#### WHAT THE TASK REQUIRES:
Exact copy, no pictures: return only the lines below from the line with "Chili Garlic Prawns (Mild Spicy Gambas)" up to and including the line with "Australian Green Tree".

#### SUPPLIED DATA:

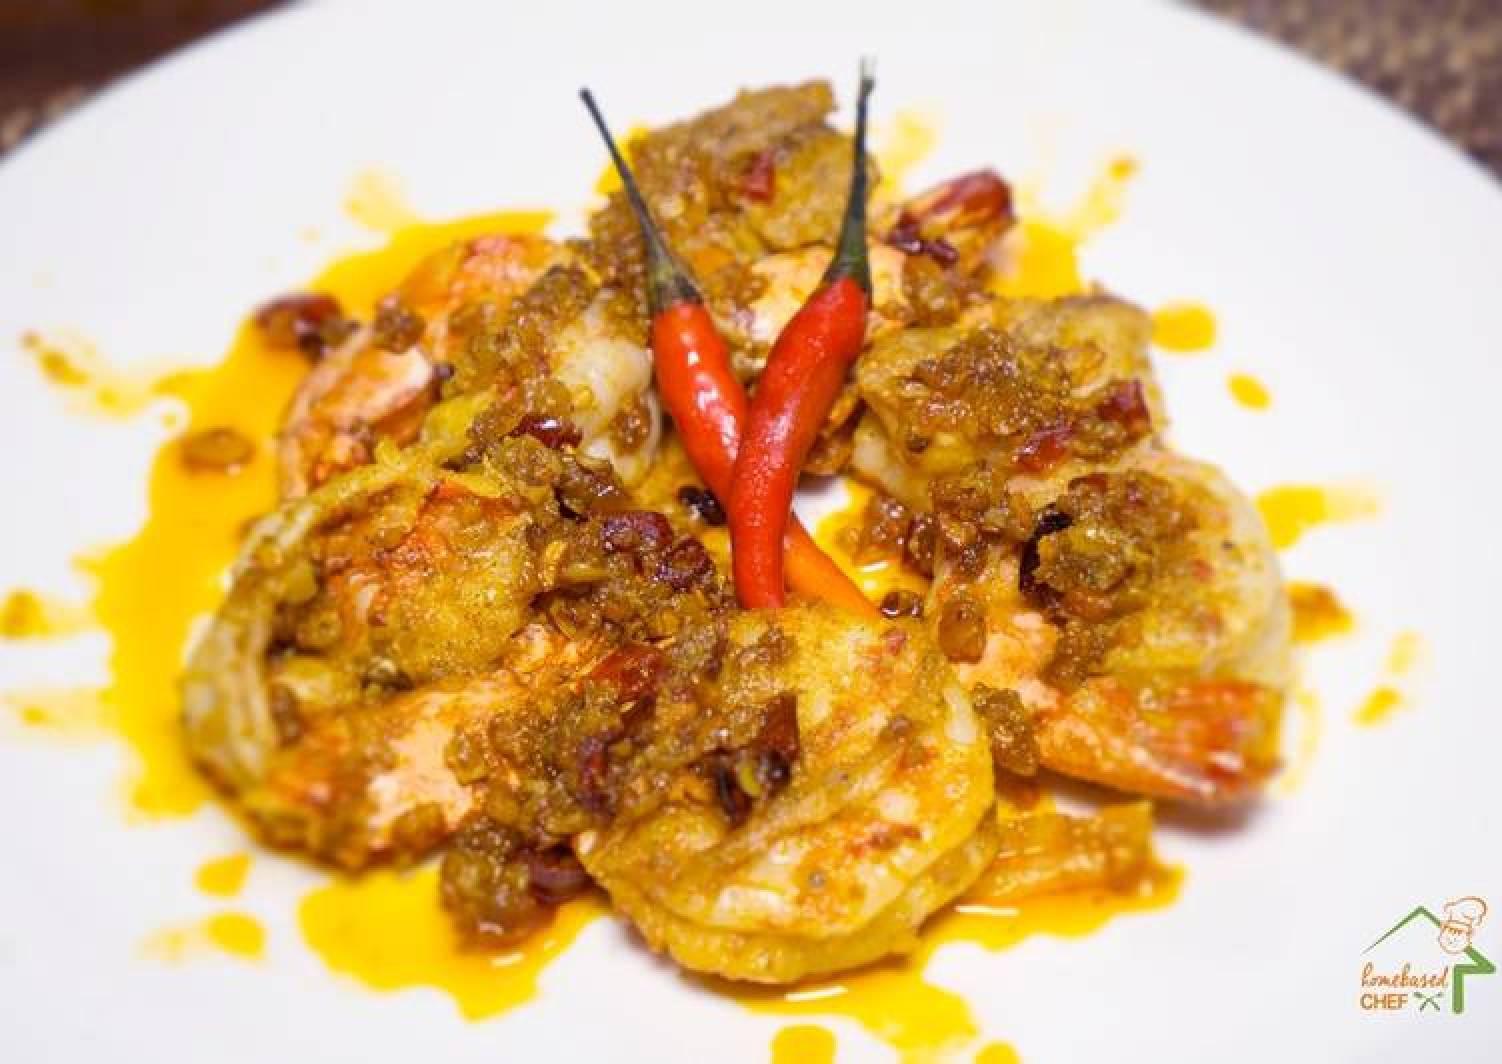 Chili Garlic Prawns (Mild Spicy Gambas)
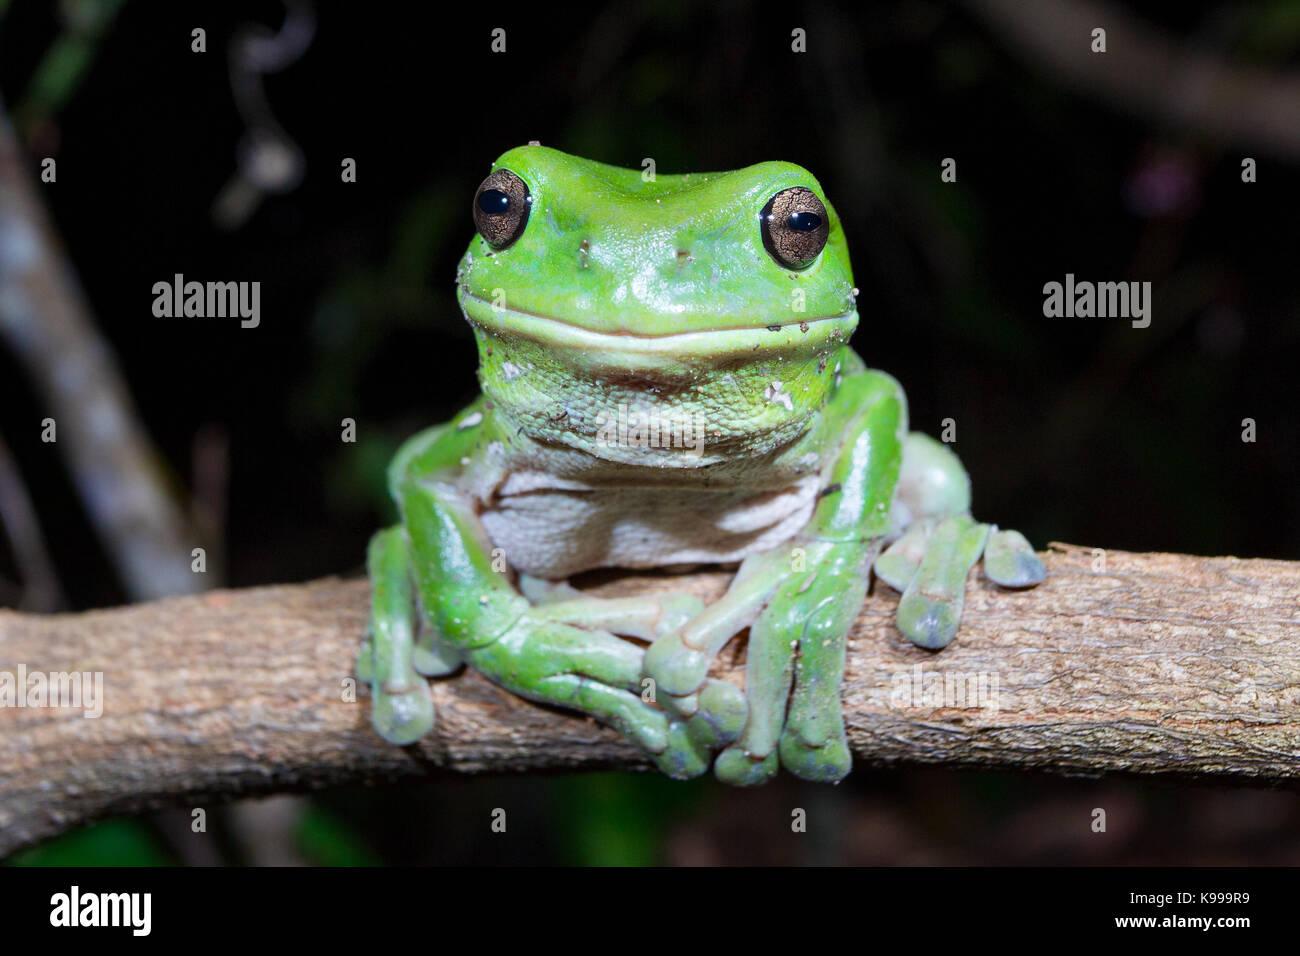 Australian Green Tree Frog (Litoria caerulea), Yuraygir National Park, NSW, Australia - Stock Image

* * *

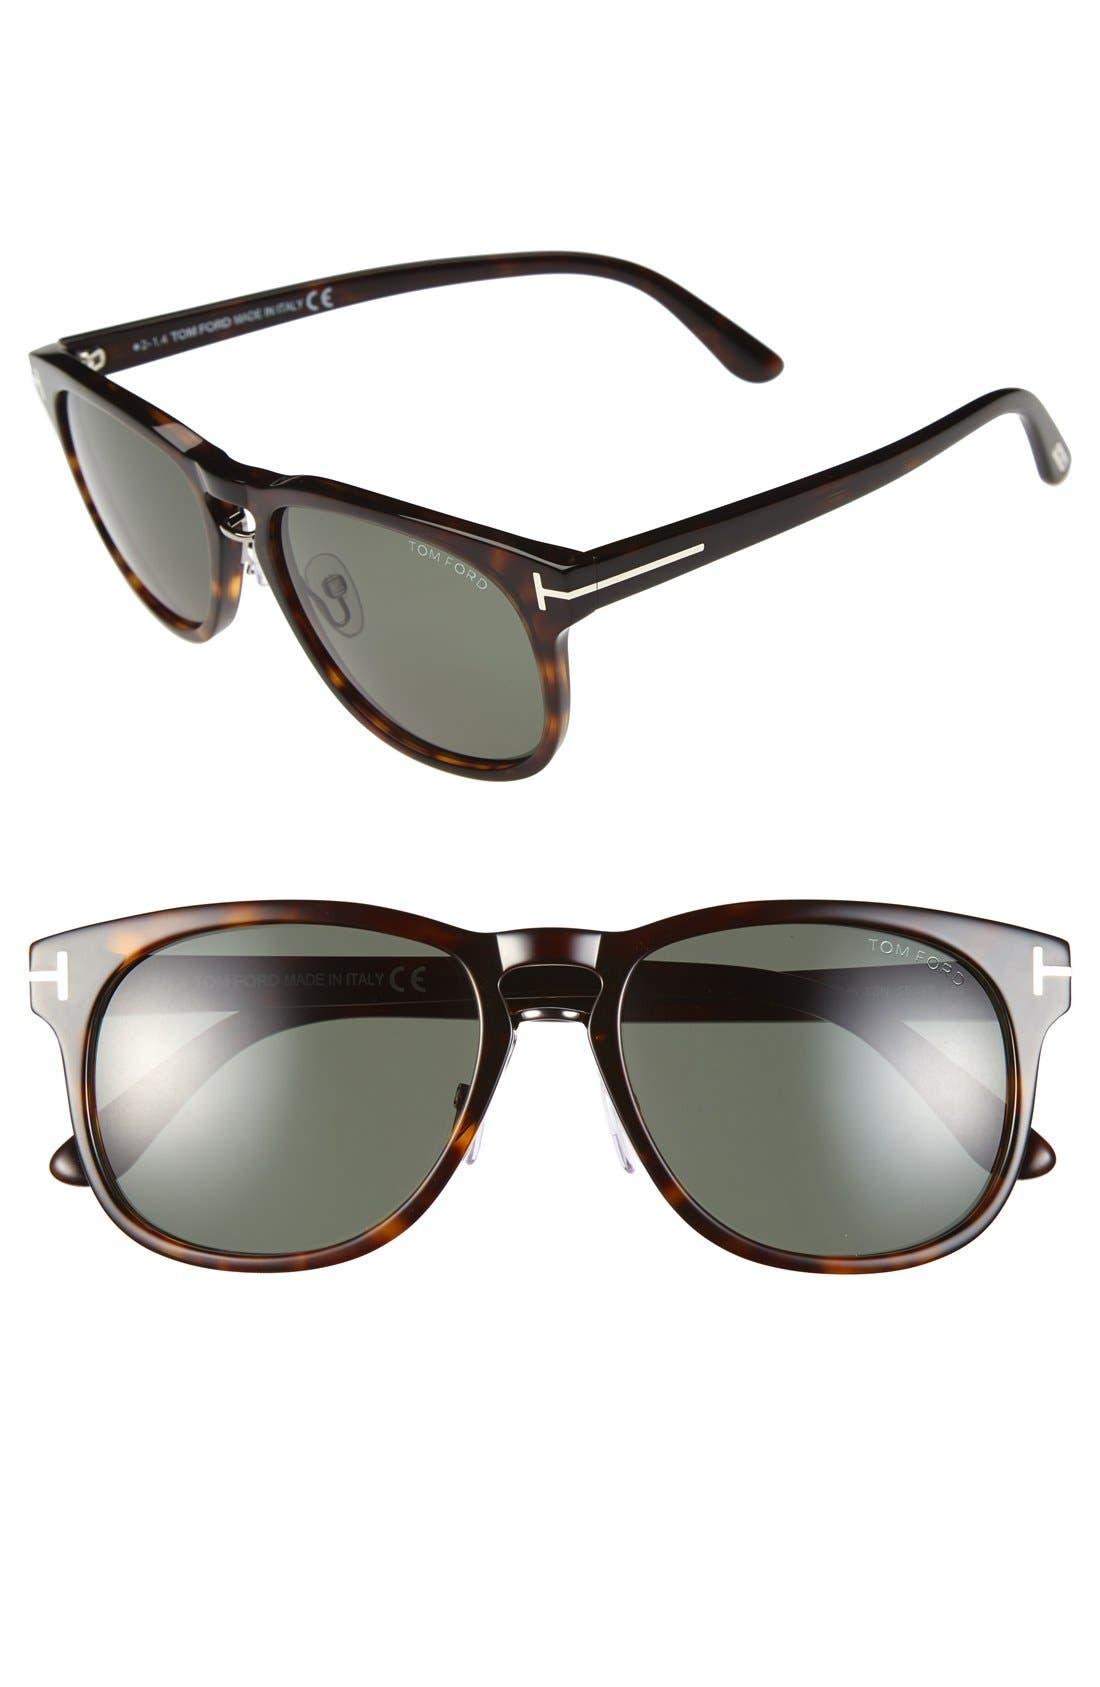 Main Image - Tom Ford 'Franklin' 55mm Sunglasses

#### WRITTEN ANSWER:
 Chili Garlic Prawns (Mild Spicy Gambas)
 Australian Green Tree Frog (Litoria caerulea), Yuraygir National Park, NSW, Australia - Stock Image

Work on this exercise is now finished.